▶ _Available data_
::::

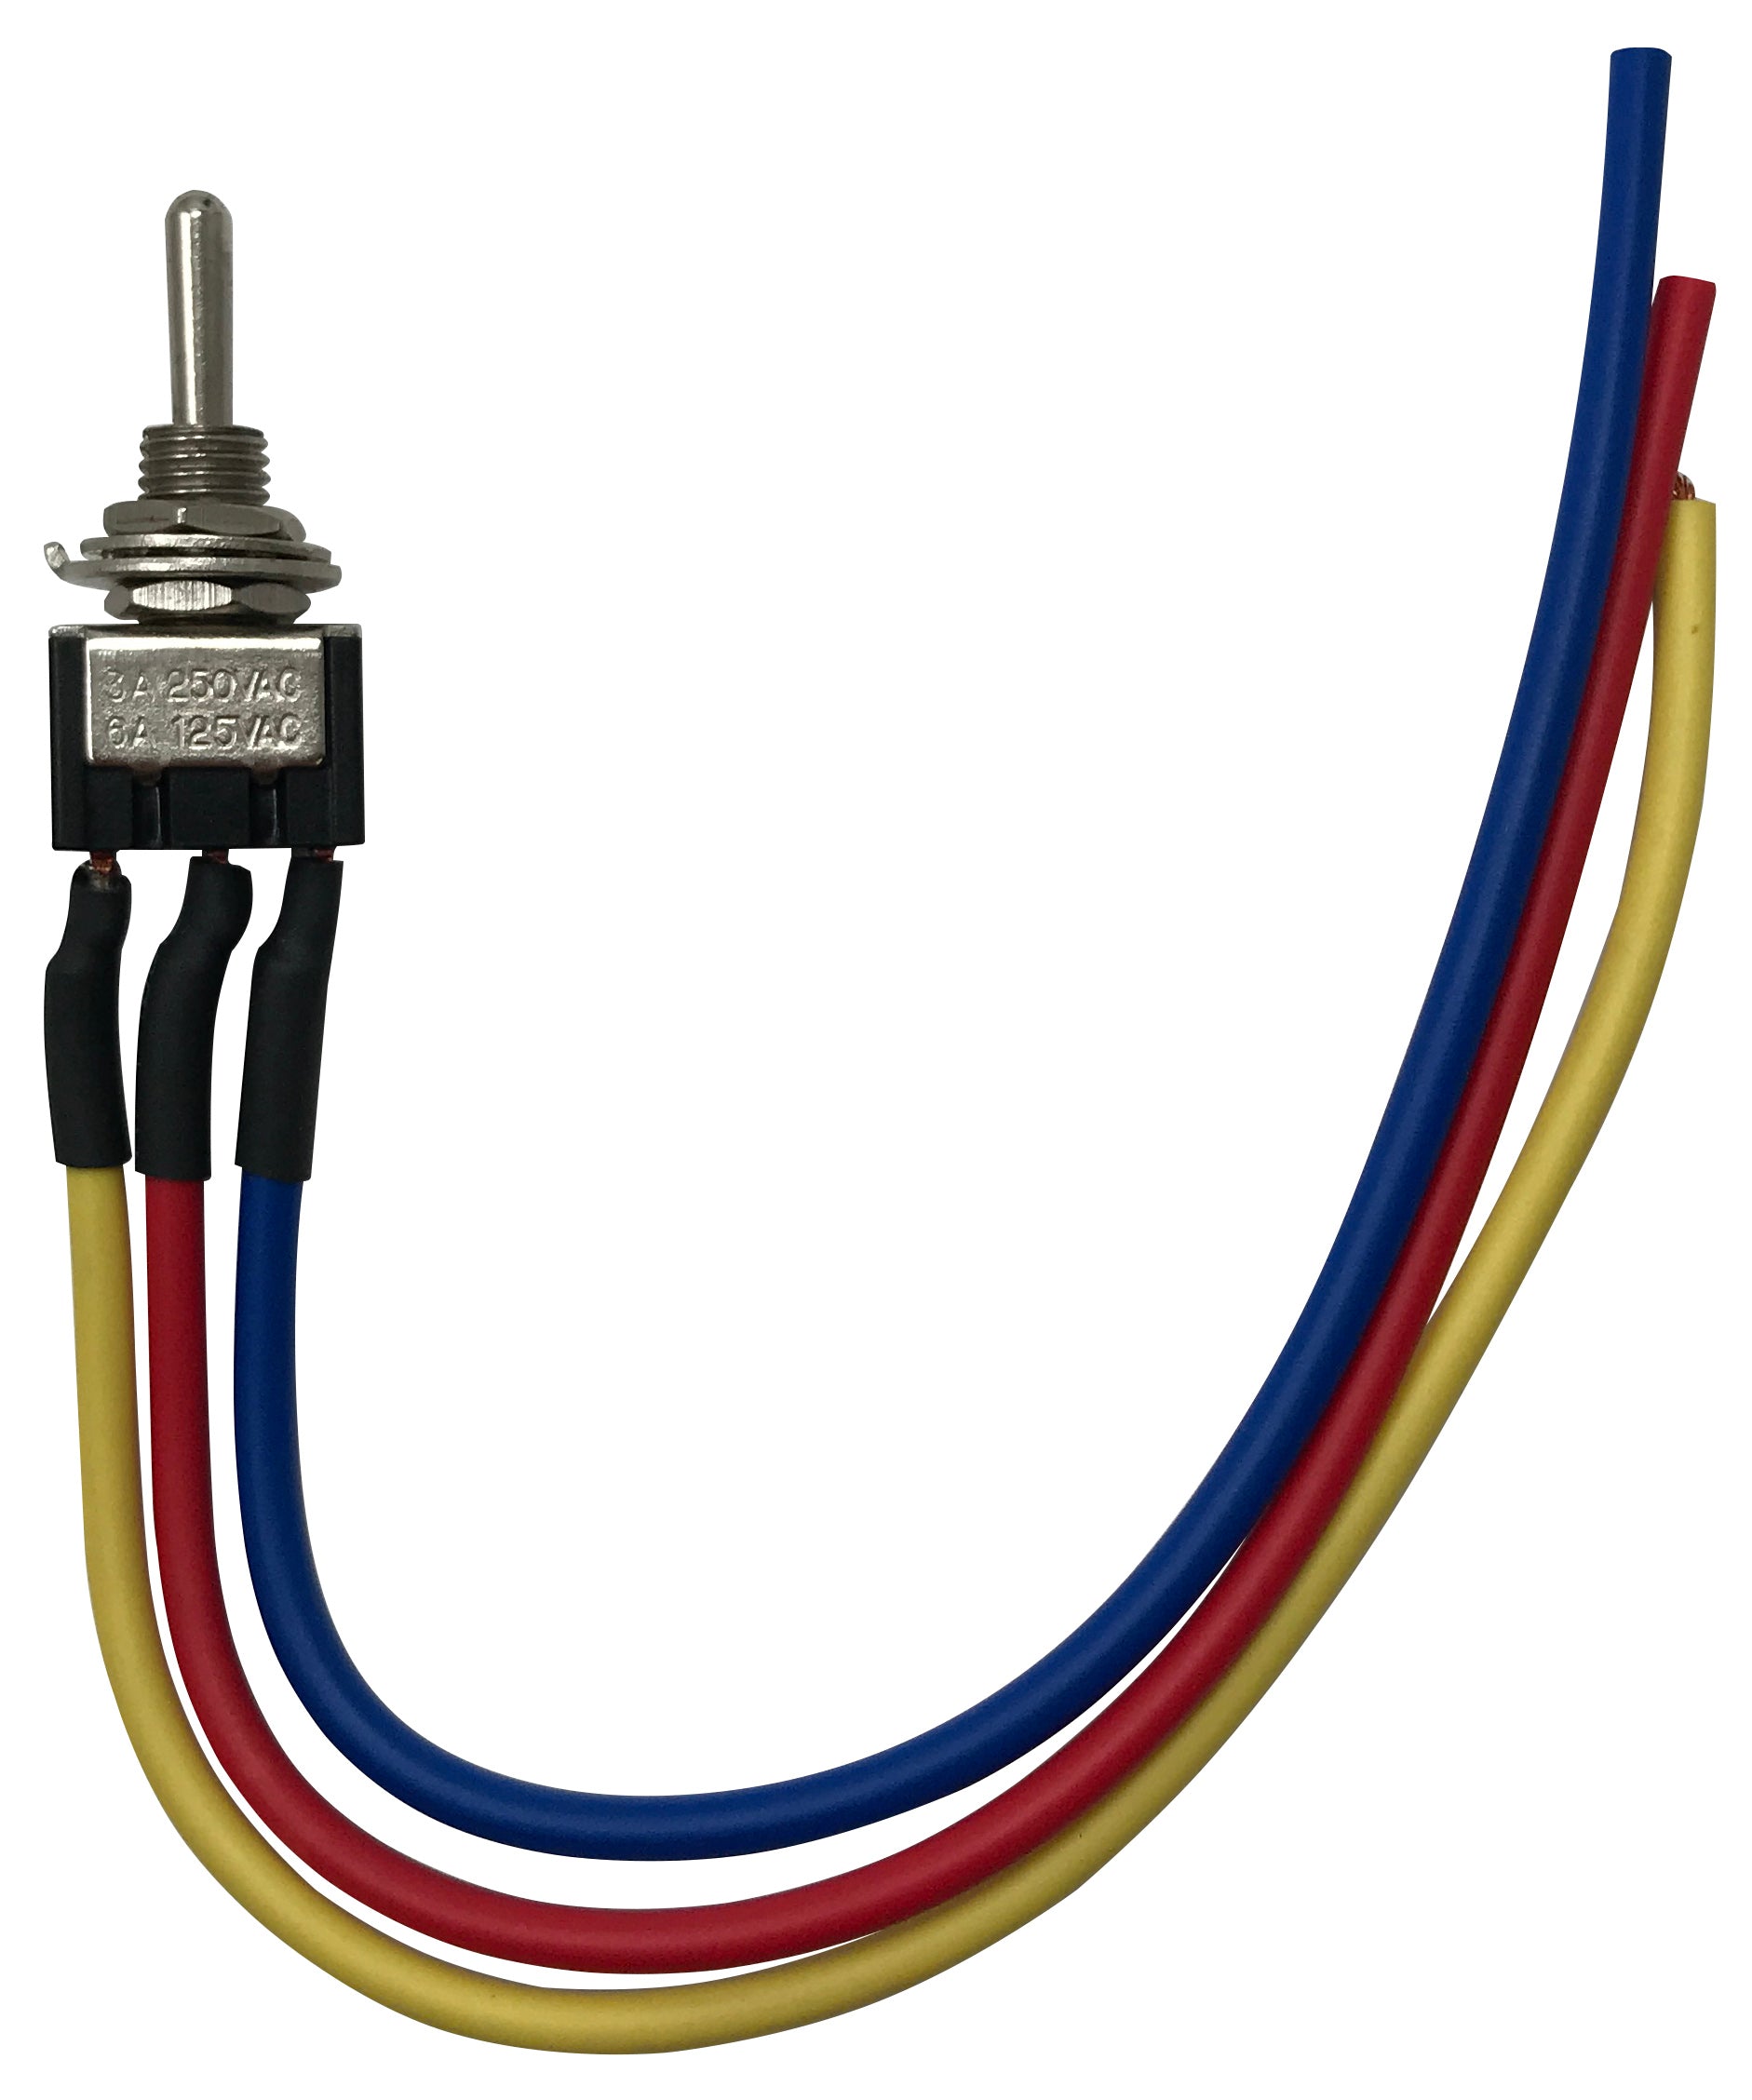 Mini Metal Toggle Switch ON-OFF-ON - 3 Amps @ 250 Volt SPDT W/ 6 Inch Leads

::::

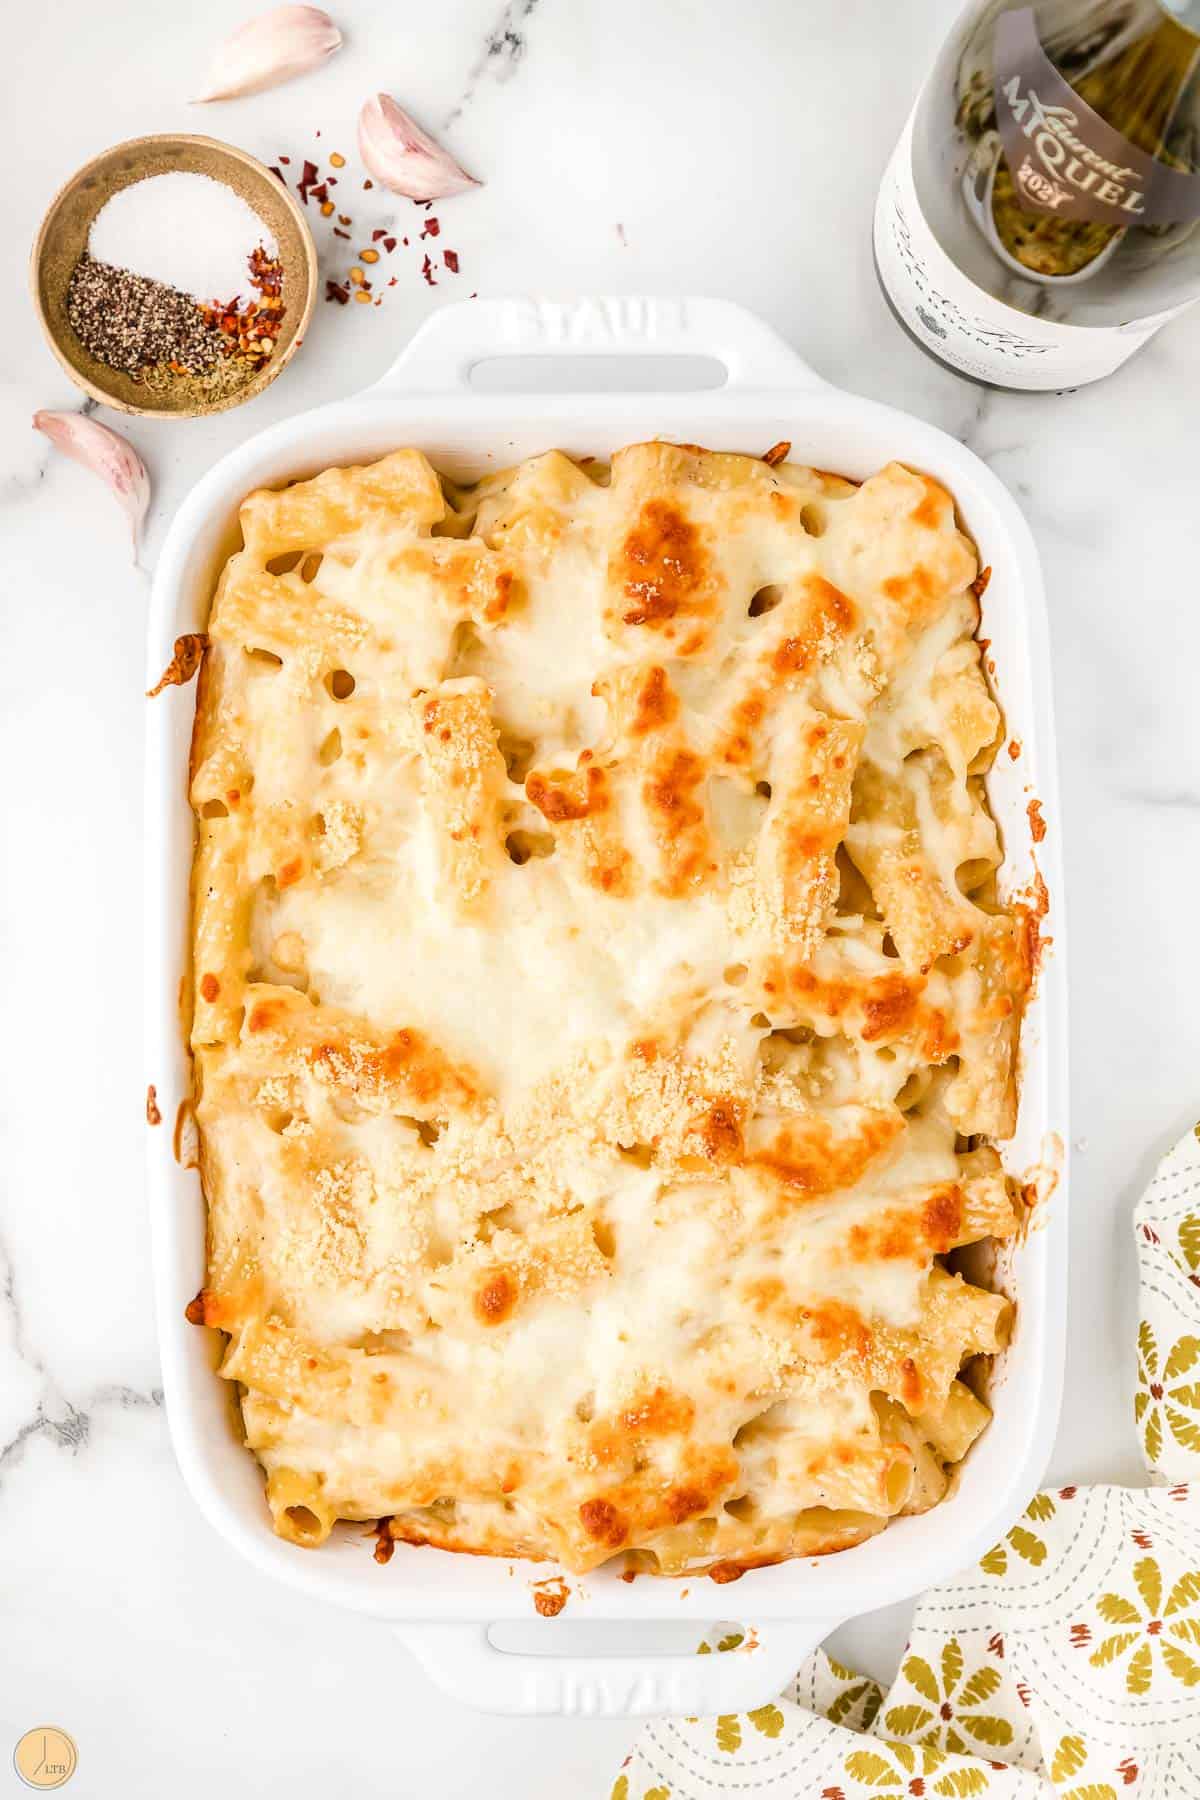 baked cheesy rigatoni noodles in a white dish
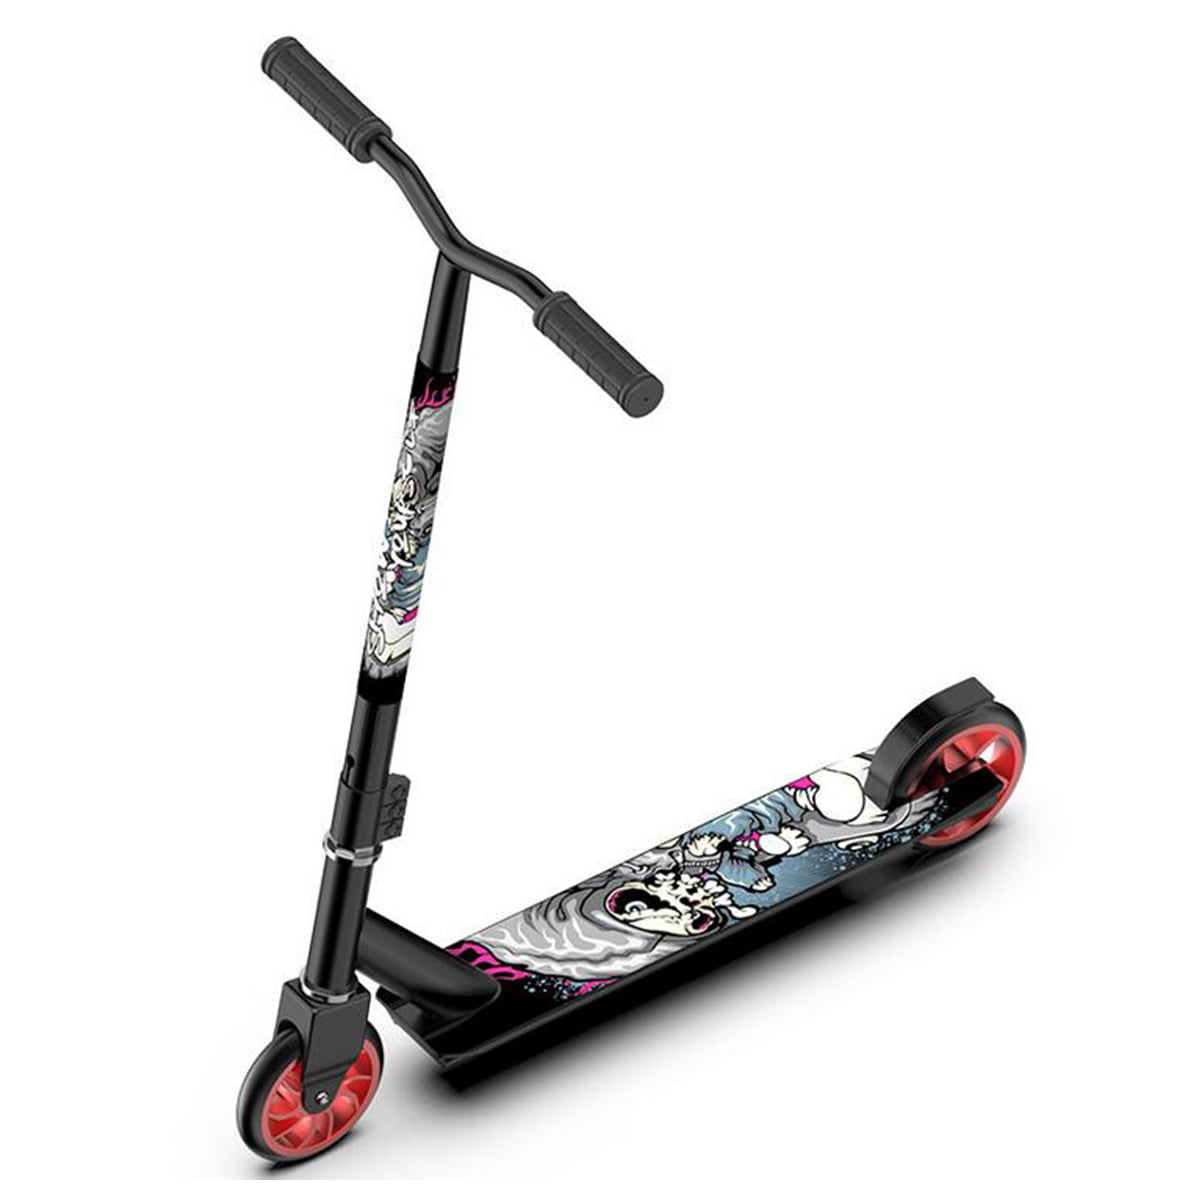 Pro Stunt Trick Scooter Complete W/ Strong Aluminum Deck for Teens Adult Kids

::::

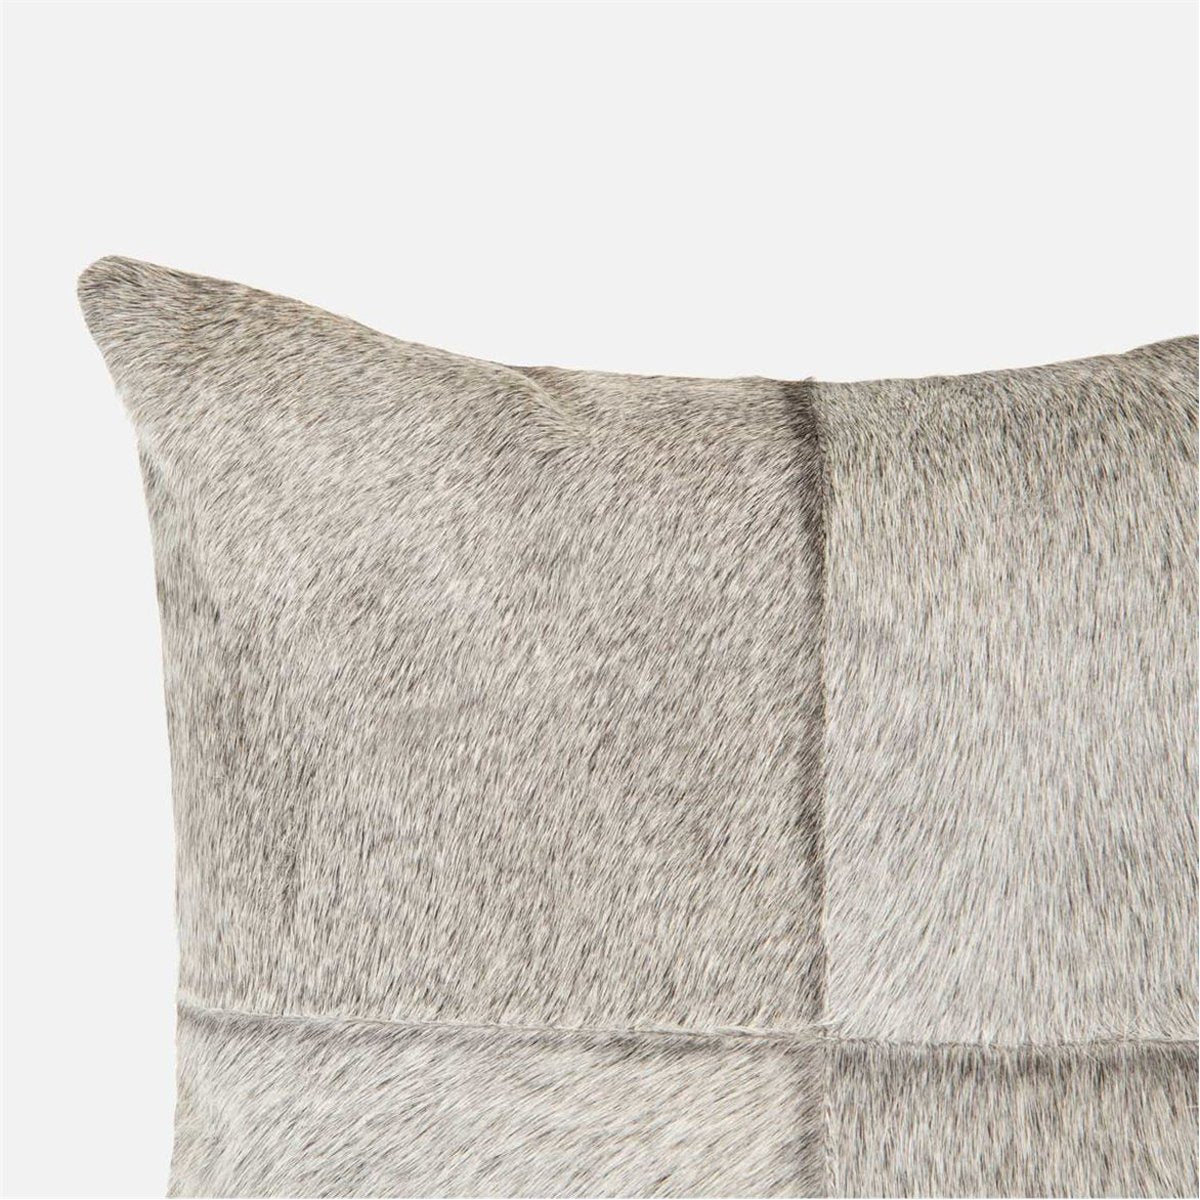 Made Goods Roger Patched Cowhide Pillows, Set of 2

::::

Start with the line above containing "baked cheesy rigatoni" and end with the line containing "Pro Stunt Trick". Set down that stretch exactly, without any pictures.

▶ _Response_
 baked cheesy rigatoni noodles in a white dish
 Pro Stunt Trick Scooter Complete W/ Strong Aluminum Deck for Teens Adult Kids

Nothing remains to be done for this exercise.